# 32" LED LCD TV WiFi and good Video format support



## ankushkool (May 6, 2014)

I am looking for 2 main features.

1. Wide array for video support (*.avi, *.mkv, *.mov, *.mp4, *.mpeg, *.mpg, *.wmv)
2. WiFi/DLNA support to play images/video from smartphones/tablets (Not sure about videos)

Budget: Upto 40k

Below are few I likes but the features dont give the details I want, would really appreciate you comments/experience.

1. *www.panasonic.com/in/consumer/tv/led-lcd-tv/th-l32e6d.html (This is preferred just wanted to know it it has any cons)


2. *www.lg.com/in/tvs/lg-32LB5610


3. *www.lg.com/in/tvs/lg-32LN5400-led-lcd-tvs


4. *www.samsung.com/in/consumer/tv-audio-video/television/led-tv/UA32F5100ARLXL


5. *www.samsung.com/in/consumer/tv-audio-video/television/led-tv/UA32H5100ARMXL


6. *www.philips.co.in/c/televisions/5000-series-led-tv-32pfl5578_v7/prd/


----------



## ithehappy (May 6, 2014)

You can go for the Panny, I mean the E6. It's a lovely TV. Alternatively you can go for this Sony, *www.sony.co.in/product/kdl-32w700b

Panny is IPS, Sony is VA. Your call.

Just forget those other models you mentioned.


----------



## ankushkool (May 6, 2014)

Can you just elaborate bit more? What's VA? And why you say not to consider others? It's coz they lack features!


----------



## geekvishal (May 6, 2014)

VA is panel used by Sony and Samsung, which is not better than IPS panel used in LG and Panasonic, in terms of viewing angle and colour reproduction.


----------



## Gollum (May 6, 2014)

I'm on the side of IPS panel anytime. For a TV IPS is the way to go.
Ive seen the sony tv in croma, its not good for the cost of 40k, its best to buy a HD media player and connect that to the PC as its cheap and better.


----------



## ankushkool (May 8, 2014)

Gollum said:


> I'm on the side of IPS panel anytime. For a TV IPS is the way to go.
> Ive seen the sony tv in croma, its not good for the cost of 40k, its best to buy a HD media player and connect that to the PC as its cheap and better.
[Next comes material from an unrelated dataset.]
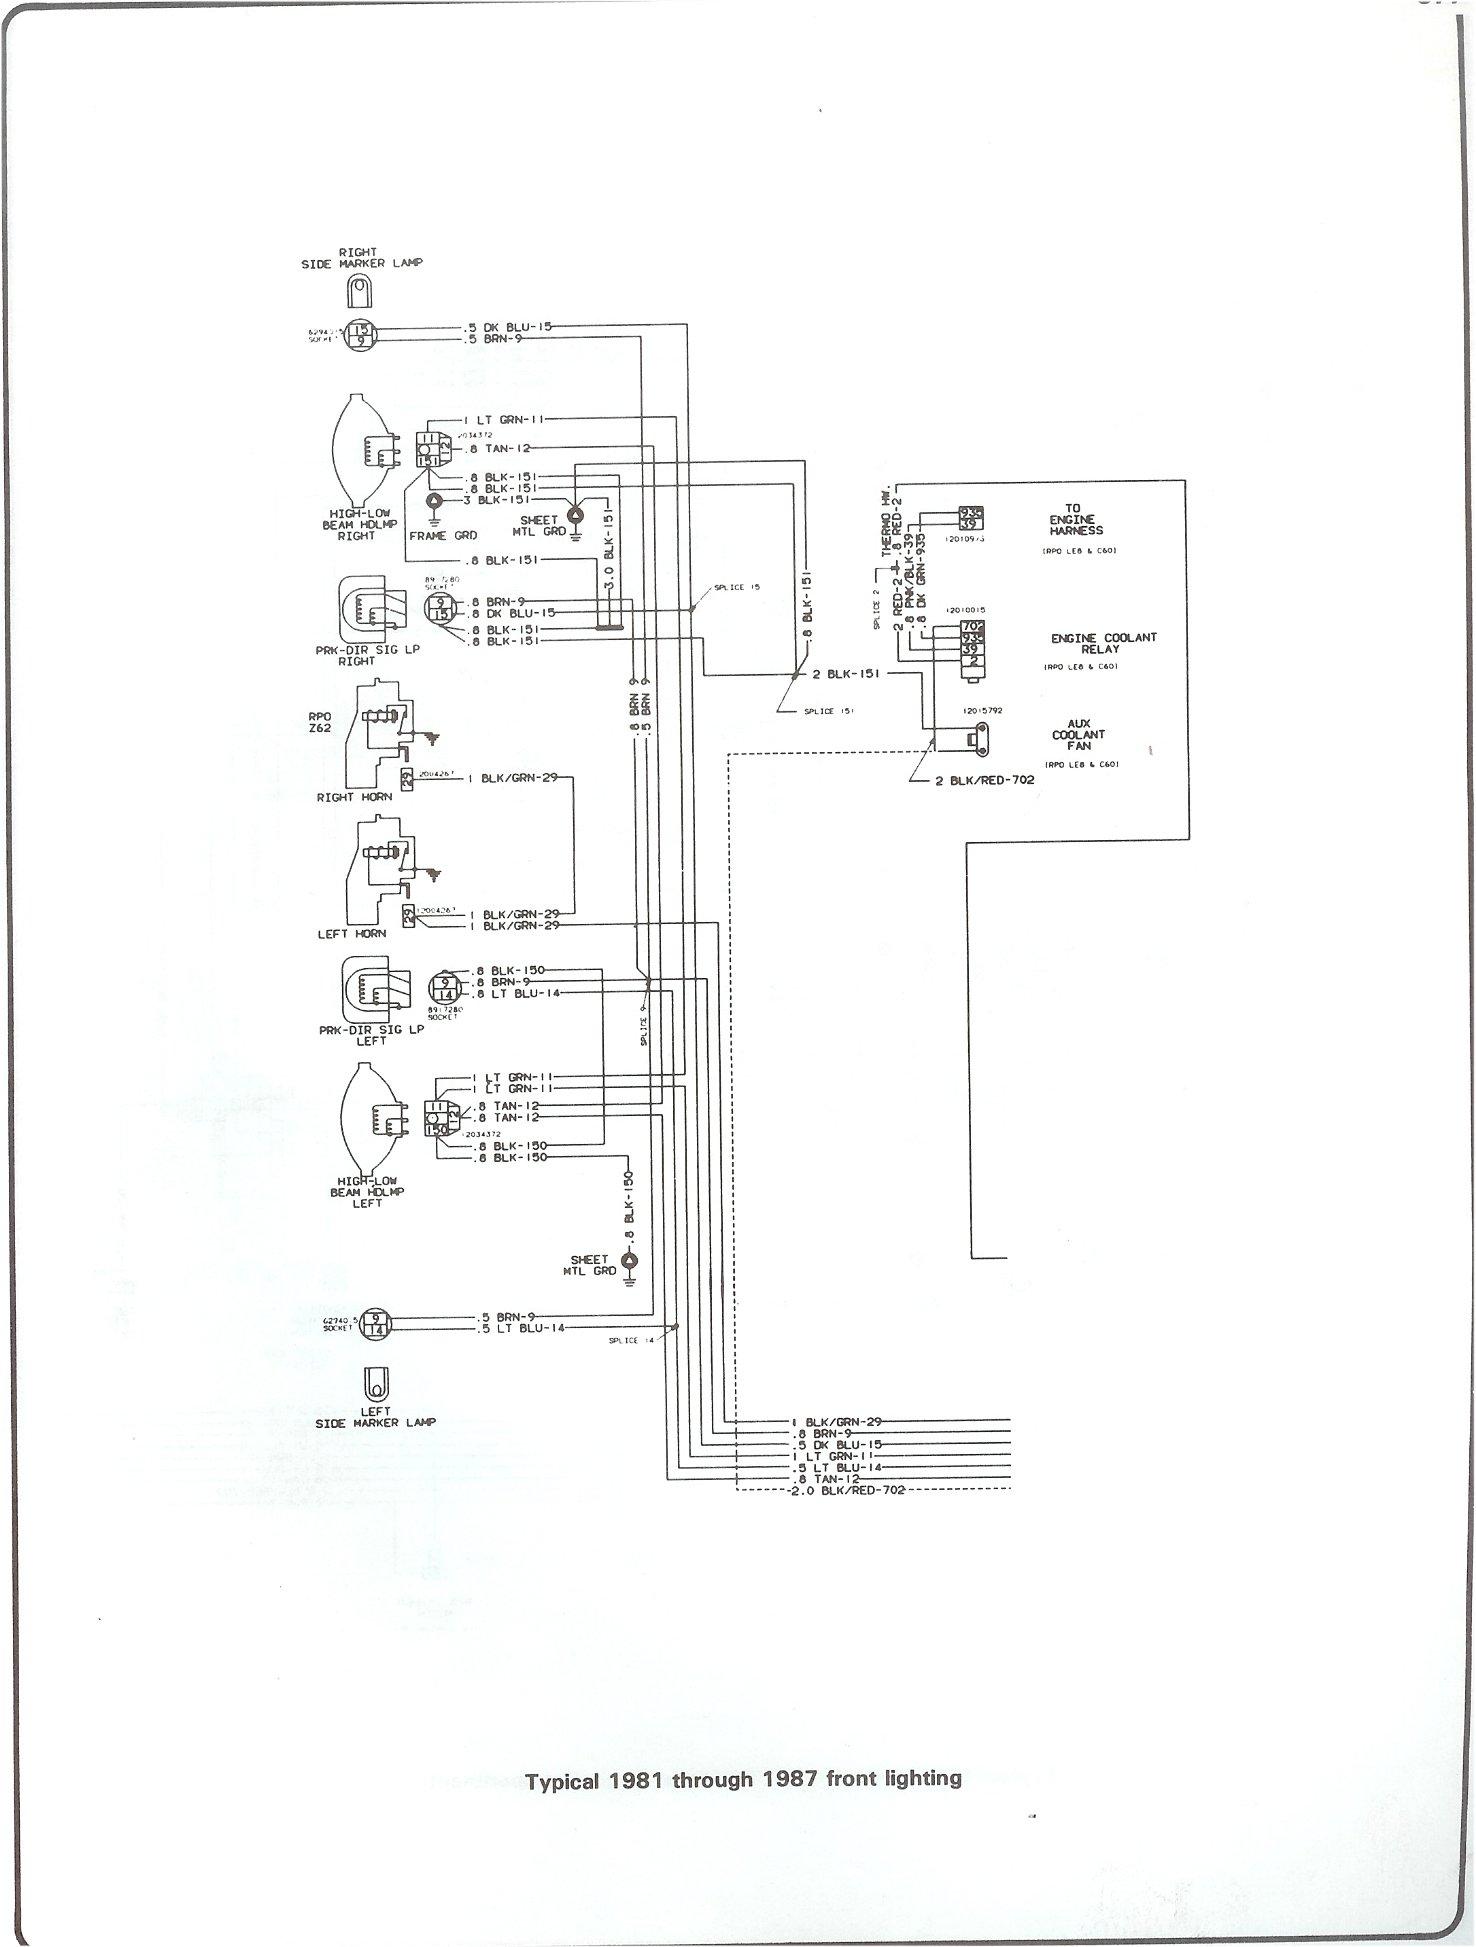 Brake Light Switch Wiring Diagram? - Blazer Forum - Chevy Blazer Forums - Brake Light Wiring Diagram

Can you give more details! Which monitor are you recommending? I doubt there are good 32" monitors.


----------



## Minion (May 8, 2014)

*Re: 32&quot; LED LCD TV WiFi and good Video format support*

^IPS and VA are panel types they both have advantages and disadvantages for e.g IPS have wider viewing angle but mostly suffers from less contrast ratio while VA panel generally have better contrast ratio but viewing angle is not great.
Audition these models choose what you like most
Sony 32W700B
Panasonic  32E6D
Philips 7977(I am not sure if it has wifi)

- - - Updated - - -

More the contrast ratio more realistic Picture is.


----------